Passive income is technically the money that continues to come in with almost no additional effort on your part. Creating an income-generating portfolio takes time and planning, as you build and complement your investments over your working lifetime, such that it results in predictable pay-outs down the road.

Some of the more common sources of passive income include:

  • Dividends: Some companies pay their shareholders dividends, which is a portion of the company’s profits, at regular intervals. This dividend payment is similar to profit sharing, as you get a portion of what the company has made. Most often, the dividend is paid in cash though some companies may give you the option to reinvest the dividend and own more shares. You can choose to reinvest the dividend if you are not in need of cash at that point in time.

    Blue-chip companies, like Singapore Press Holdings (SPH), have a long dividend payment history.

    SPH’s latest dividend payout was S$0.07 per share in May 2016, which gives you a dividend yield of 1.81 per cent at the prevailing price of S$3.86, or $70 for 1,000 shares.

    An alternative for this sort of income stream is Real Estate Investment Trusts or REITs.

    REITs are collective investment schemes, consisting of a portfolio of income generating real estate assets such as shopping malls, offices, hotels or serviced apartments. They are professionally managed and usually established with a view to generating income for investors.

    Individuals invest in a REIT by purchasing units of the trust, similar to shares of a common stock. Unit holders then receive dividend income, usually from rental income, and capital gains from the profitable sale of real estate assets.

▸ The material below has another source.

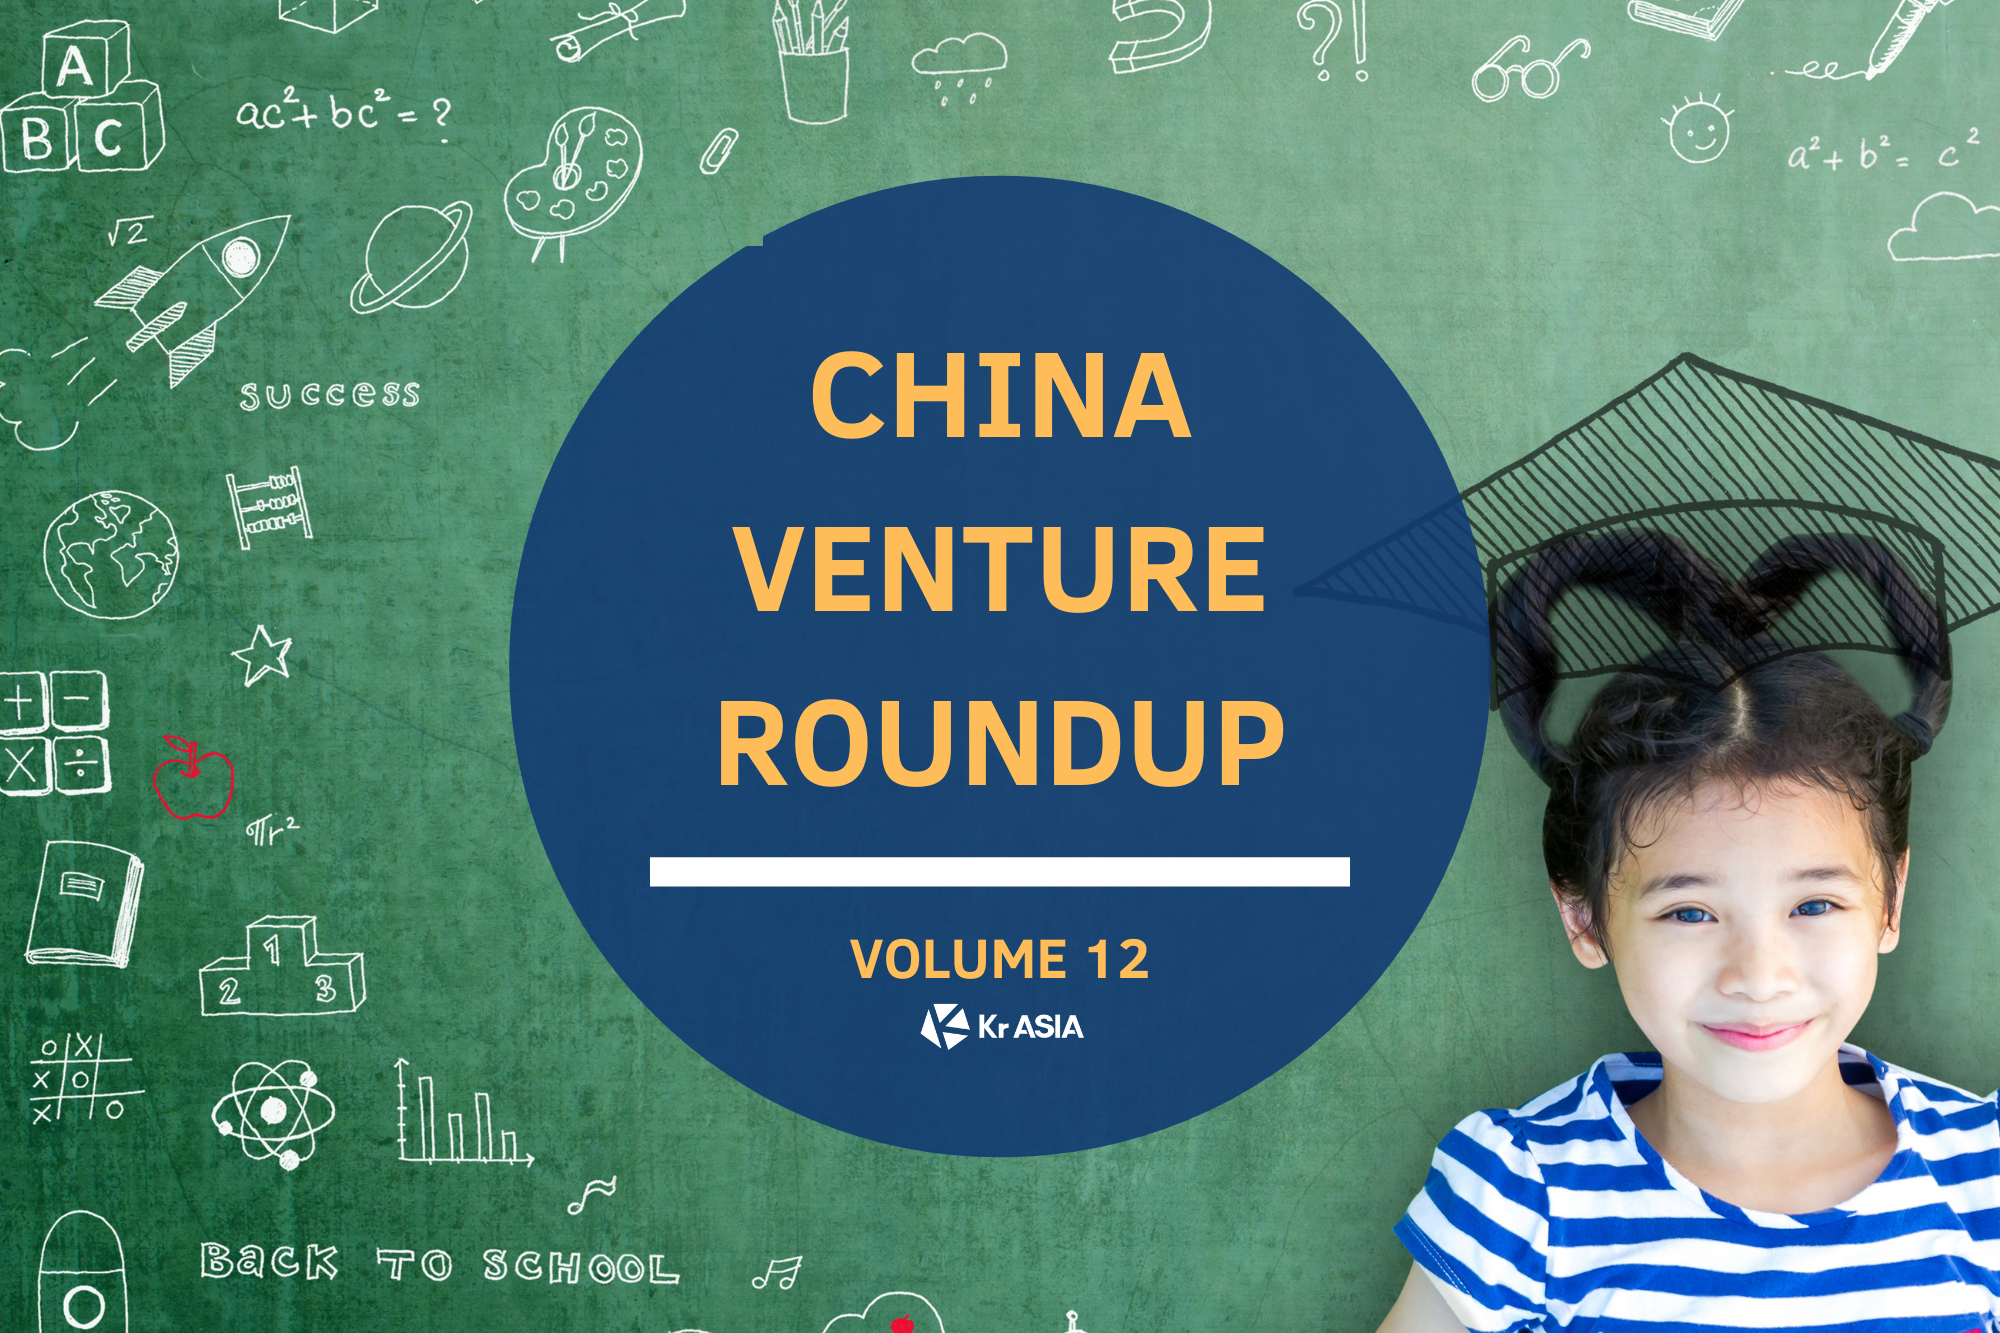 China Venture Roundup Volume 12 | The edtech startup that raised USD 265 million in Series C

  • Bonds: When you invest in bonds, you essentially lend money to an organization. Until the bond matures, you will receive regular coupon payments similar to earning interest on a loan. When the bond’s term expires, you receive the face value of the bond which you can then re-invest in another bond if you want, and continue to receive interest as a source of income.

    Singapore Savings Bonds are tax-exempt bonds that are fully backed by the Singapore government, which means you are assured of your investment amount back in full with no capital loss. You can start with as little as S$500 and earn step-up interest on your savings while having the flexibility to access your funds within a month. If you hold your Savings Bond for the full 10 years, your return will match the average 10-year Singapore Government Securities (SGS) yield the month before your investment. In the last 10 years, the 10-year SGS yield has been between 2 per cent to 3 per cent most of the time.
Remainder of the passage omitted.